▶ Exercise objective
Would you please transcribe, exactly as written, the lines of the entries below starting at the one that holds "(玄)唐 颜真卿 争座位帖(全卷)纸本38x370" and ending at the one that holds "Élections municipales - Lisette", both included?

▶ Material for this task
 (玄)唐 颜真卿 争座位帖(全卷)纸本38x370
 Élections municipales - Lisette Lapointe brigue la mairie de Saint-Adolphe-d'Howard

--

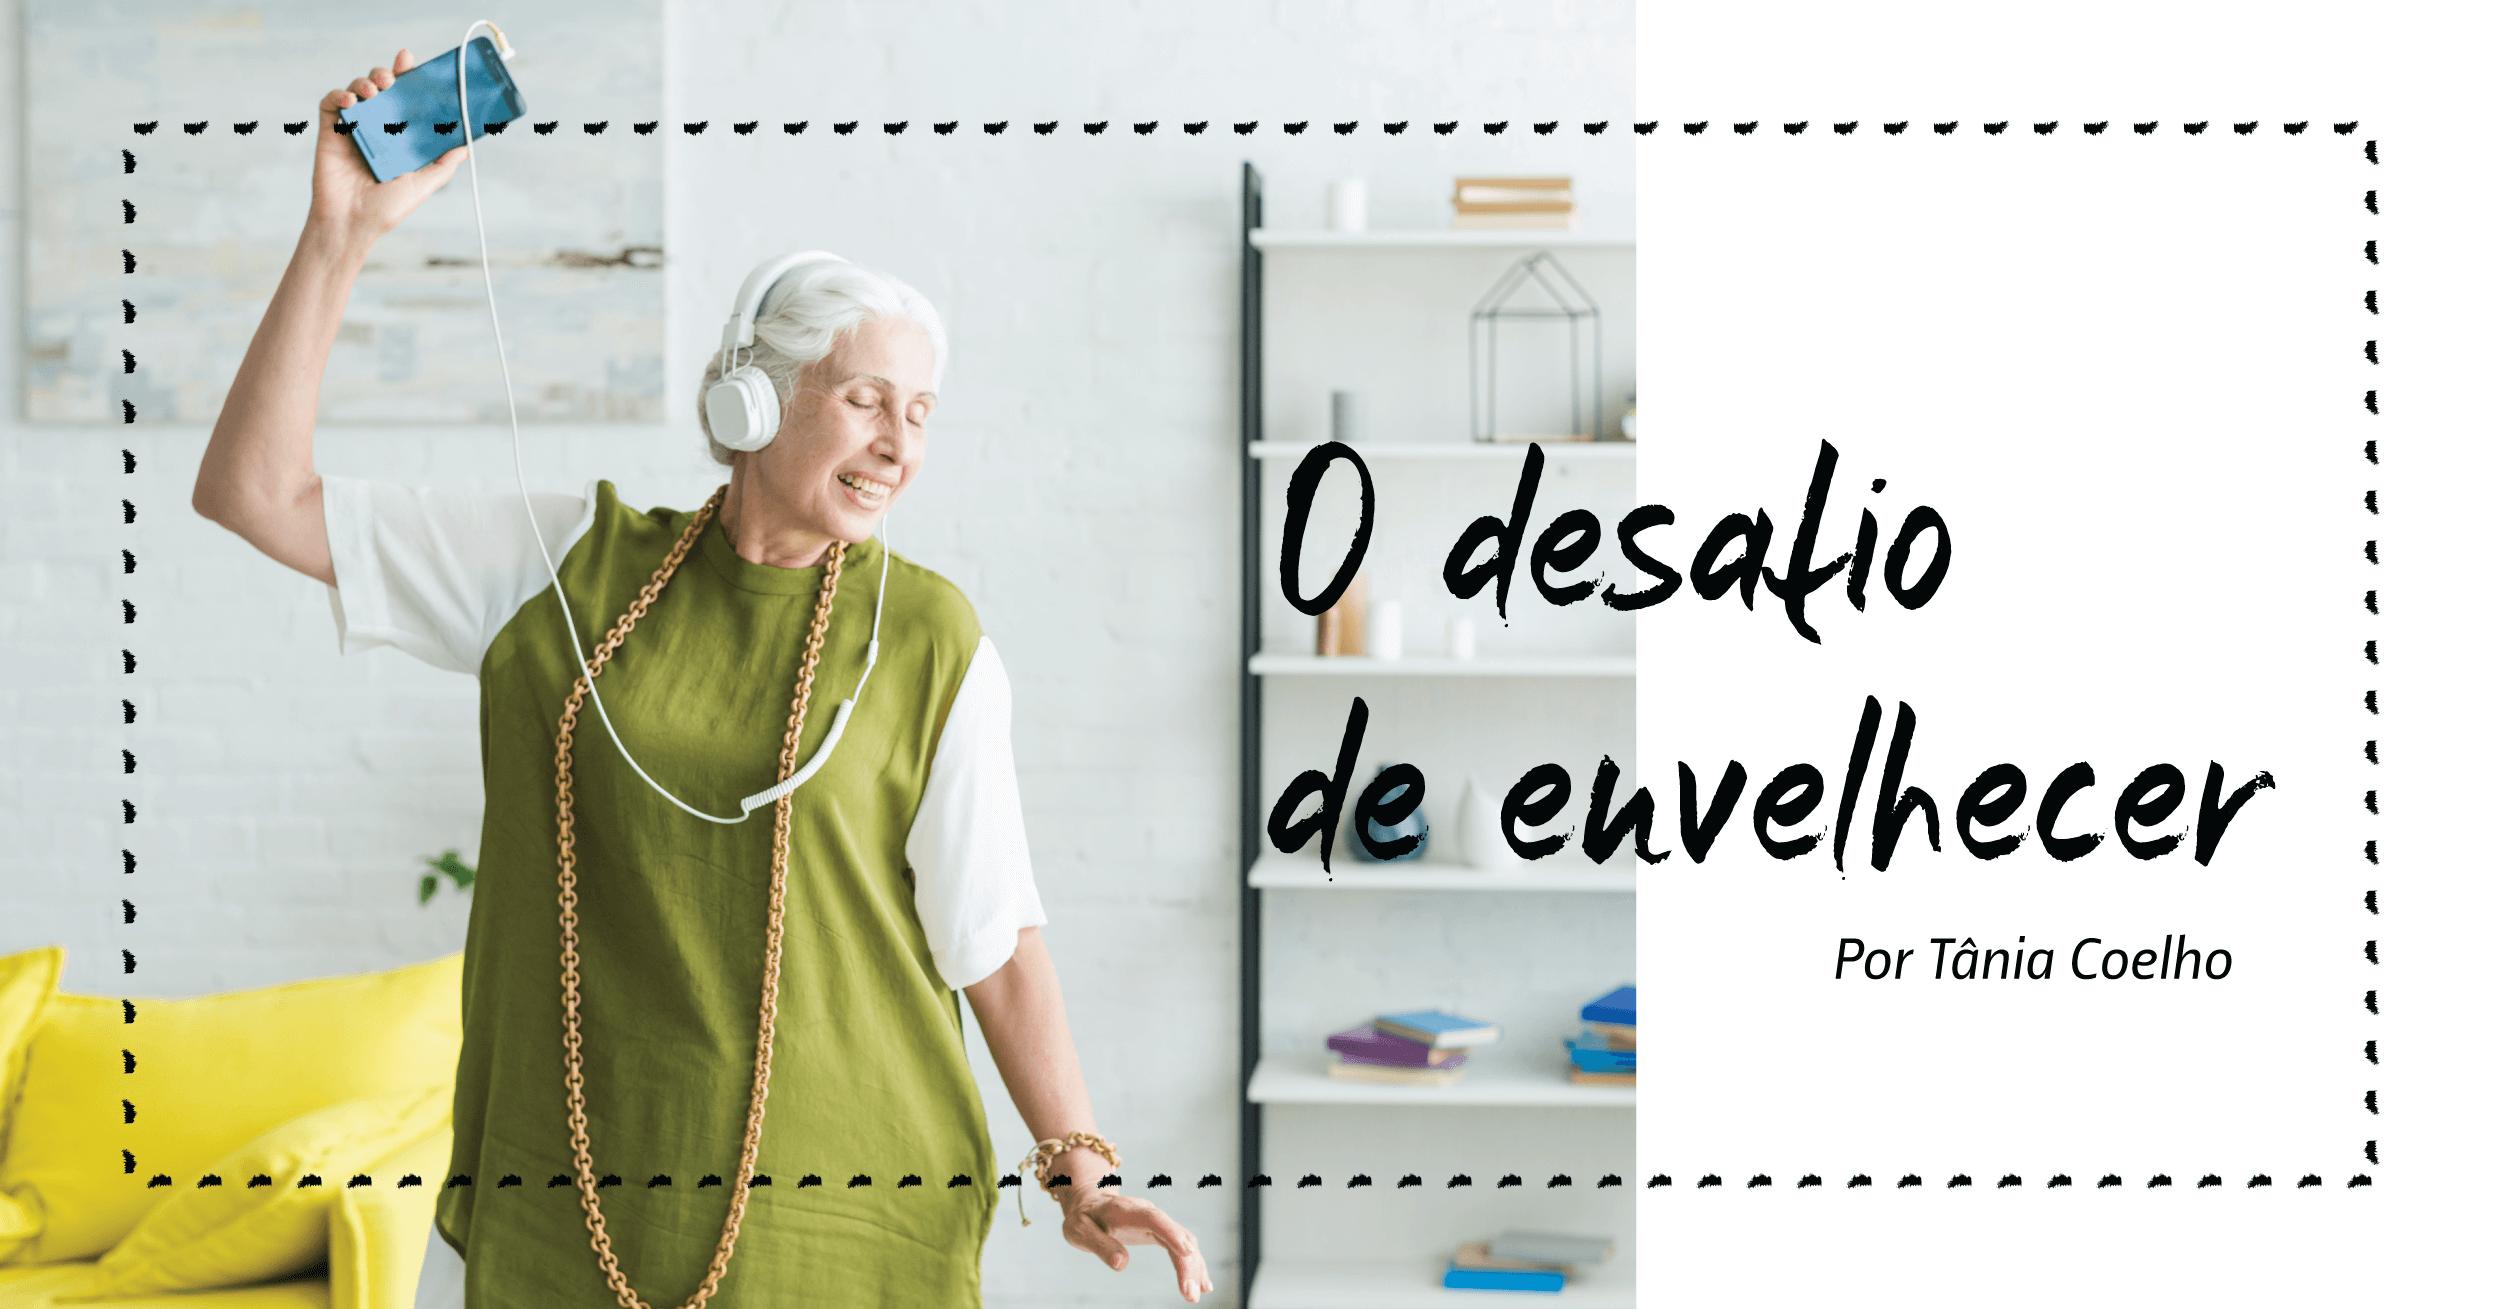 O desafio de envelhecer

▶ Solution to this task
 (玄)唐 颜真卿 争座位帖(全卷)纸本38x370
 Élections municipales - Lisette Lapointe brigue la mairie de Saint-Adolphe-d'Howard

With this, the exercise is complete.